Grand Jury Faults Officer for Firing 23 Shots at Man

Not Available Elsewhere Online – July 29, 1993 | The Oregonian

A Multnomah County grand jury Wednesday harshly criticized a Portland police officer who fired 23 shots at a fleeing man — and indicted the man.

A grand jury indicted Gerald F. Gratton, 27, on charges of unlawful possession of a weapon and being a felon in possession of a firearm. Gratton probably will enter a plea on the charges next week, his attorney said.

The officers who fired at Gratton, David Thoman and Douglas Erickson, were relieved of duty Wednesday and remain on paid administrative leave until the Police Bureau’s Internal Investigations Division completes its review.

Erickson fired 23 times and Thoman fired four times at Gratton July 19 as he ran from officers following a scuffle on a Tri-Met bus. He was hit in the back and elbow.

The grand jury considered charges against Thoman and Erickson but did not indict them. The grand jury concluded that Thoman “acted responsibly and professionally.”

Grand jurors took the highly unusual step of asking District Attorney Michael Schrunk to contact Portland Police Chief Charles Moose and convey the jurors’ concerns.

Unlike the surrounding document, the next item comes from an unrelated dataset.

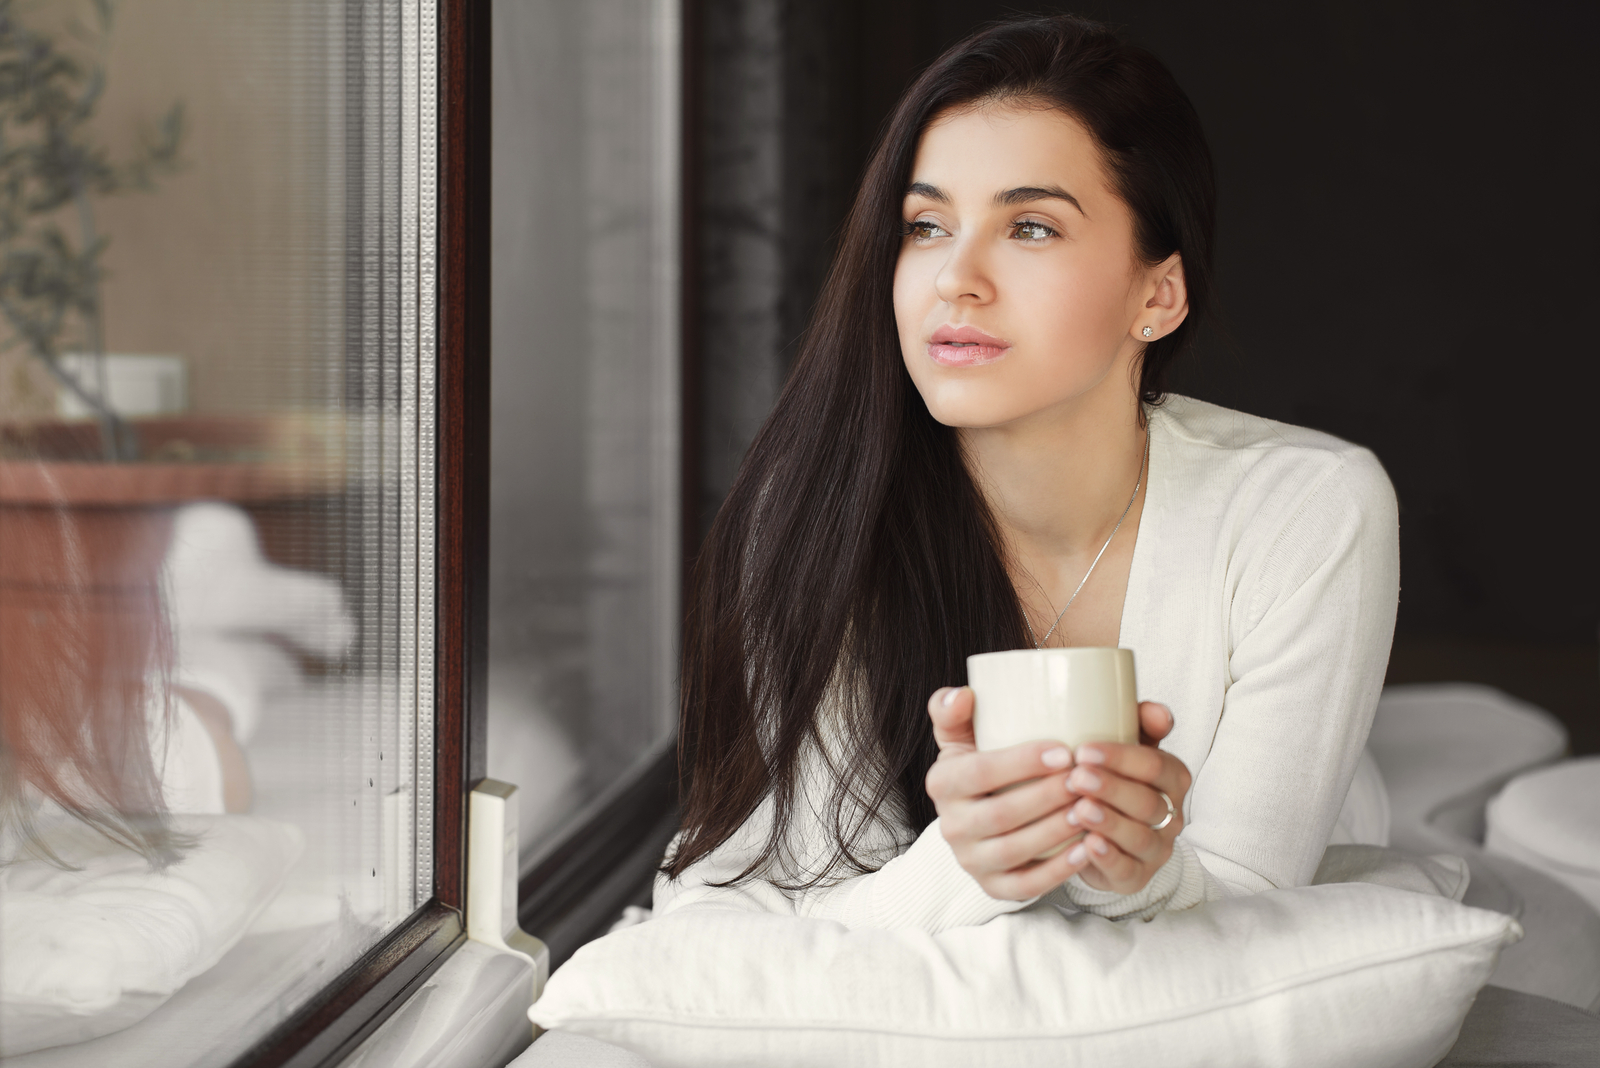 donna carina che beve una tazza di caffè vicino alla finestra
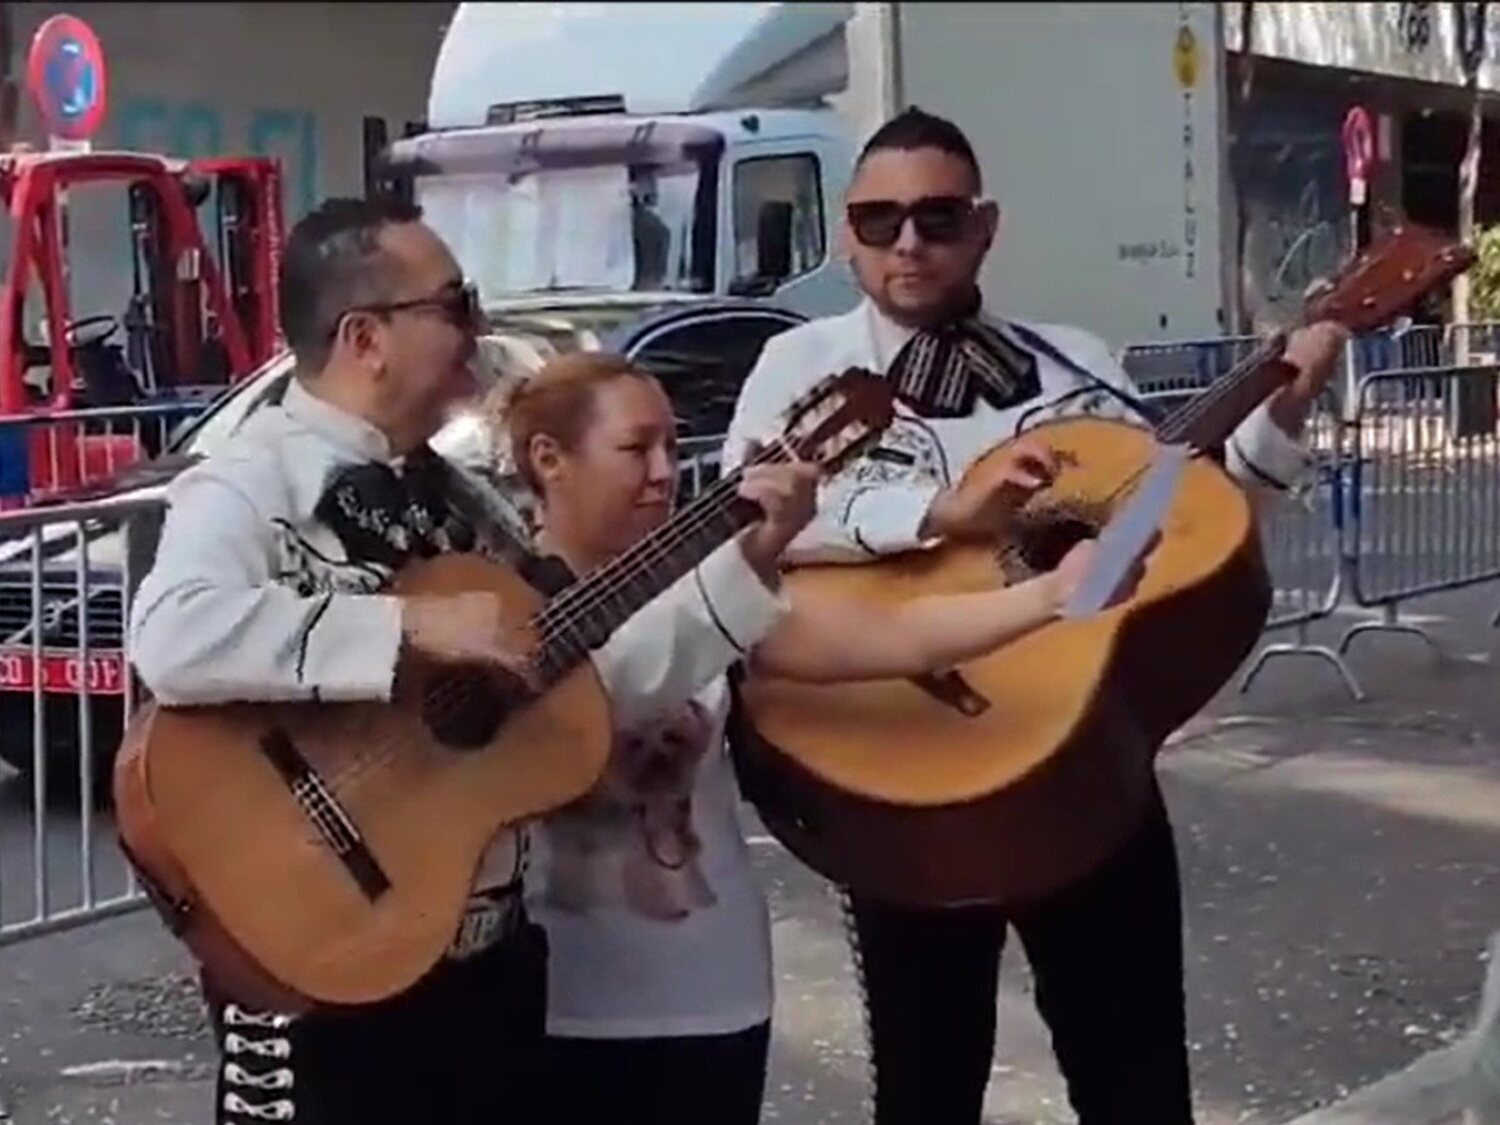 Mandan unos mariachis a la sede del Partido Popular a cantar un "narcocorrido"

The jurors felt Erickson’s conduct “was not consistent with the high standards we expect the Portland Police Bureau to maintain,” Schrunk wrote in a one-page letter to Moose.

“The grand jurors were concerned about the number of shots fired, the reckless manner in which they were fired and the officer’s inability to justify or explain why he fired when he did,” Schrunk stated.

Erickson told detectives he shot at Gratton because he thought the fleeing man might commandeer a car or go to a nearby convenience store and take a hostage.

Schrunk and Moose could not be reached by telephone to comment Wednesday.

While rare, such grand jury requests are not unprecedented and occur perhaps once a year, said Norm Frink, chief deputy district attorney.

Gratton, who was hospitalized after the shooting, is home now.

“I’m surviving, let’s put it like that,” Gratton said. “I took a lot of bullets and it’s gonna take a little time to get over with. Other than that, I’m just taking it one step at a time.”

He declined comment on the indictment and referred questions to his attorney, Ed Strand.

Strand said Wednesday afternoon that he had not been notified of the indictment.

Strand said he expects Gratton will enter a plea on the charges next week although a court date has not been set.

Gratton and his brother, Devon D. Simms, 24, were on a No. 4 Fessenden bus when the driver alerted police and told officers that the men were drinking and acting in a threatening manner.

Police took Simms off the bus at North Lombard Street and Interstate Avenue. As they prepared to search Gratton, they saw a gun in his waistband. Gratton ran off the bus with Erickson in pursuit. Gratton bolted across Lombard and the officers shot him, according to a police spokesman. Authorities haven’t determined which officer’s shots struck Gratton.

Simms was not involved in the shooting and was not indicted.

A third officer on the scene, Cheryl Swenson, did not fire any shots and the grand jury did not consider any charges against her.